The struct module was specifically provided for converting between various types and their binary representation as a sequence of bytes. The conversion from a type to bytes is done with struct.pack. There's a format parameter fmt that determines which conversion it should perform. For a 4-byte integer, that would be i for signed numbers or I for unsigned numbers. For more possibilities see the format character table, and see the byte order, size, and alignment table for options when the output is more than a single byte.
import struct
s = struct.pack('<i', 5) # b'\x05\x00\x00\x00'
You can use the struct's pack:
In [11]: struct.pack(">I", 1)
Out[11]: '\x00\x00\x00\x01'
The ">" is the byte-order (big-endian) and the "I" is the format character. So you can be specific if you want to do something else:
In [12]: struct.pack("<H", 1)
Out[12]: '\x01\x00'
In [13]: struct.pack("B", 1)
Out[13]: '\x01'
This works the same on both python 2 and python 3.
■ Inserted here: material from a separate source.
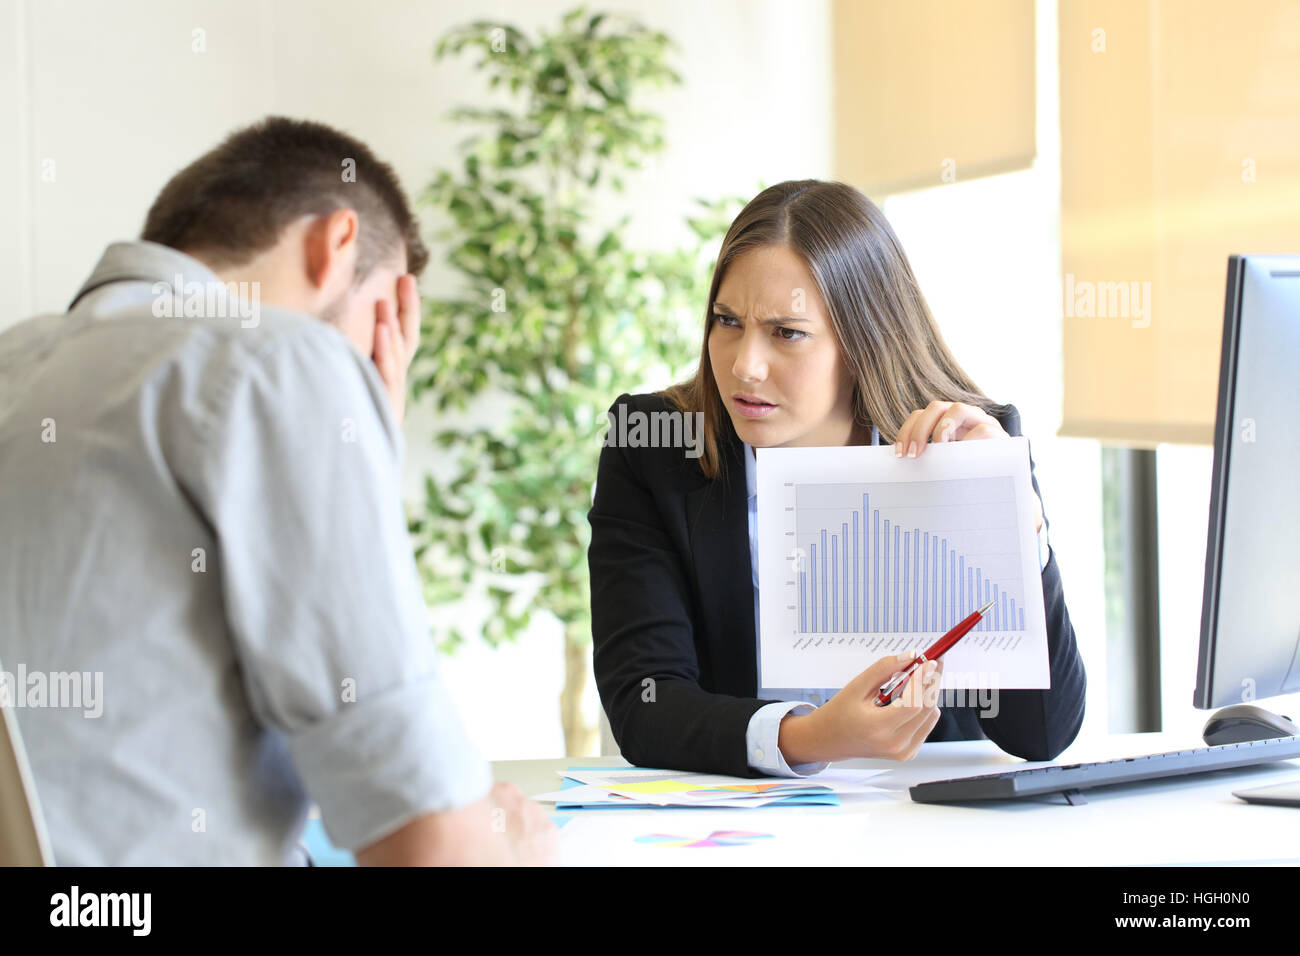 Angry boss showing a growth graph with bad results and scolding to an employee Stock Photo

Note: the inverse operation (bytes to int) can be done with unpack.
I have found the only reliable, portable method to be
bytes(bytearray([n]))
Just bytes([n]) does not work in python 2. Taking the scenic route through bytearray seems like the only reasonable solution.
Converting an int to a byte in Python 3:
n = 5
bytes( [n] )
>>> b'\x05'
;) guess that'll be better than messing around with strings
source: http://docs.python.org/3/library/stdtypes.html#binaryseq
In Python 3.x, you can convert an integer value (including large ones, which the other answers don't allow for) into a series of bytes like this:
import math
x = 0x1234
number_of_bytes = int(math.ceil(x.bit_length() / 8))
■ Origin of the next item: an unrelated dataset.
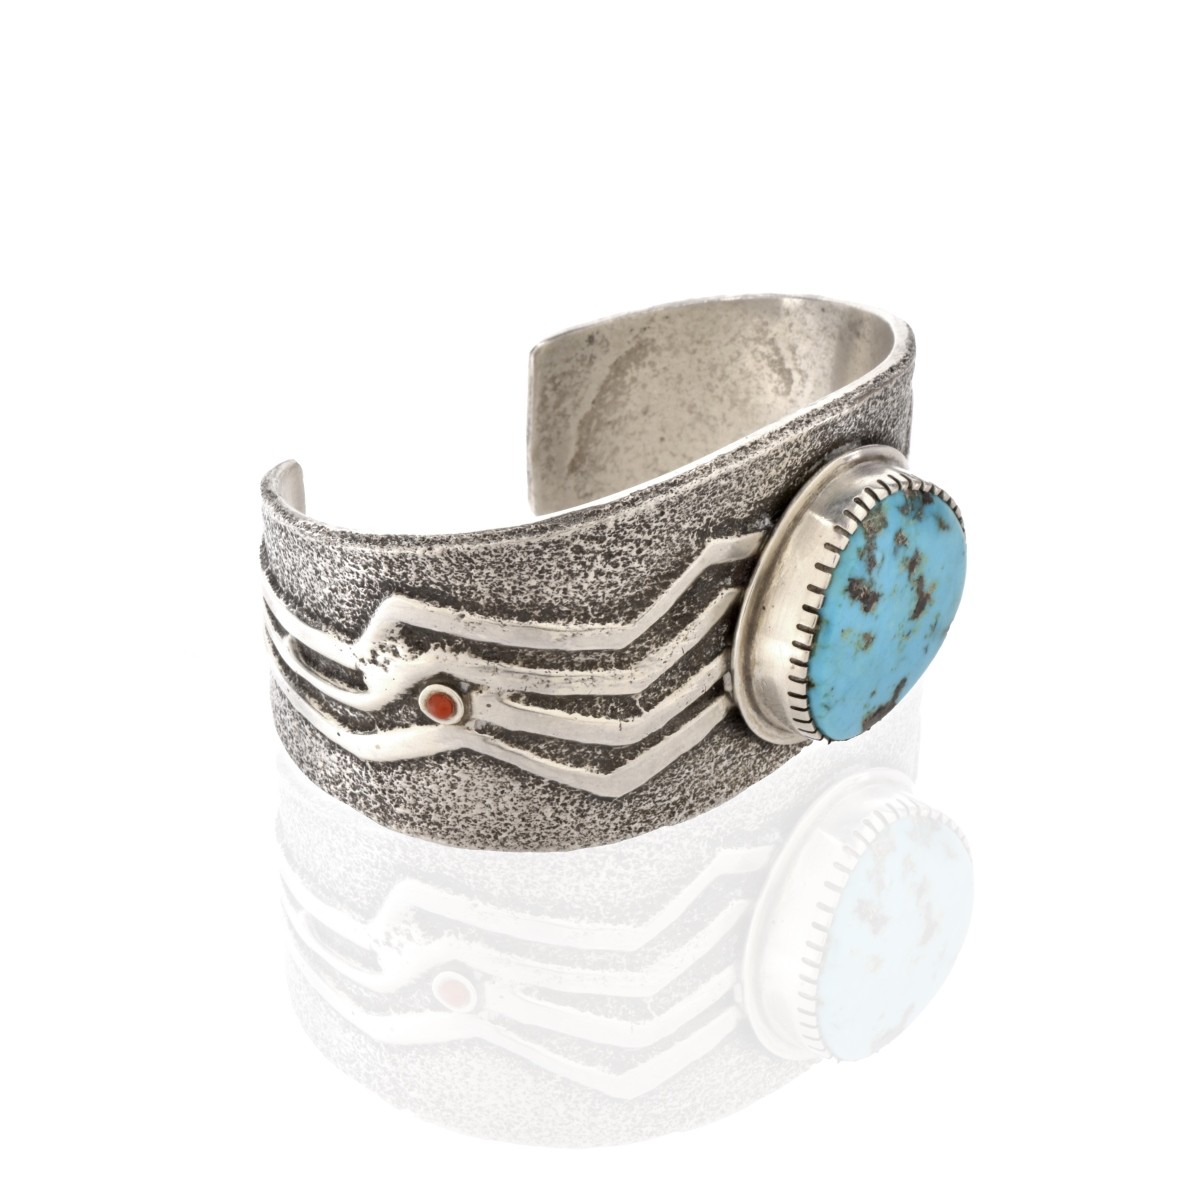 Robt. Sorrell Silver and Turquoise Bracelet

x_bytes = x.to_bytes(number_of_bytes, byteorder='big')
x_int = int.from_bytes(x_bytes, byteorder='big')
x == x_int
from int to byte:
bytes_string = int_v.to_bytes( lenth, endian )
where the lenth is 1/2/3/4...., and endian could be 'big' or 'little'
form bytes to int:
data_list = list( bytes );
When converting from old code from python 2 you often have "%s" % number this can be converted to b"%d" % number (b"%s" % number does not work) for python 3.
The format b"%d" % number is in addition another clean way to convert int to a binary string.
b"%d" % number
I have a long Hex string that represents a series of values of different types. I need to convert this Hex String into bytes or bytearray so that I can extract each value from the raw data. How can I do this?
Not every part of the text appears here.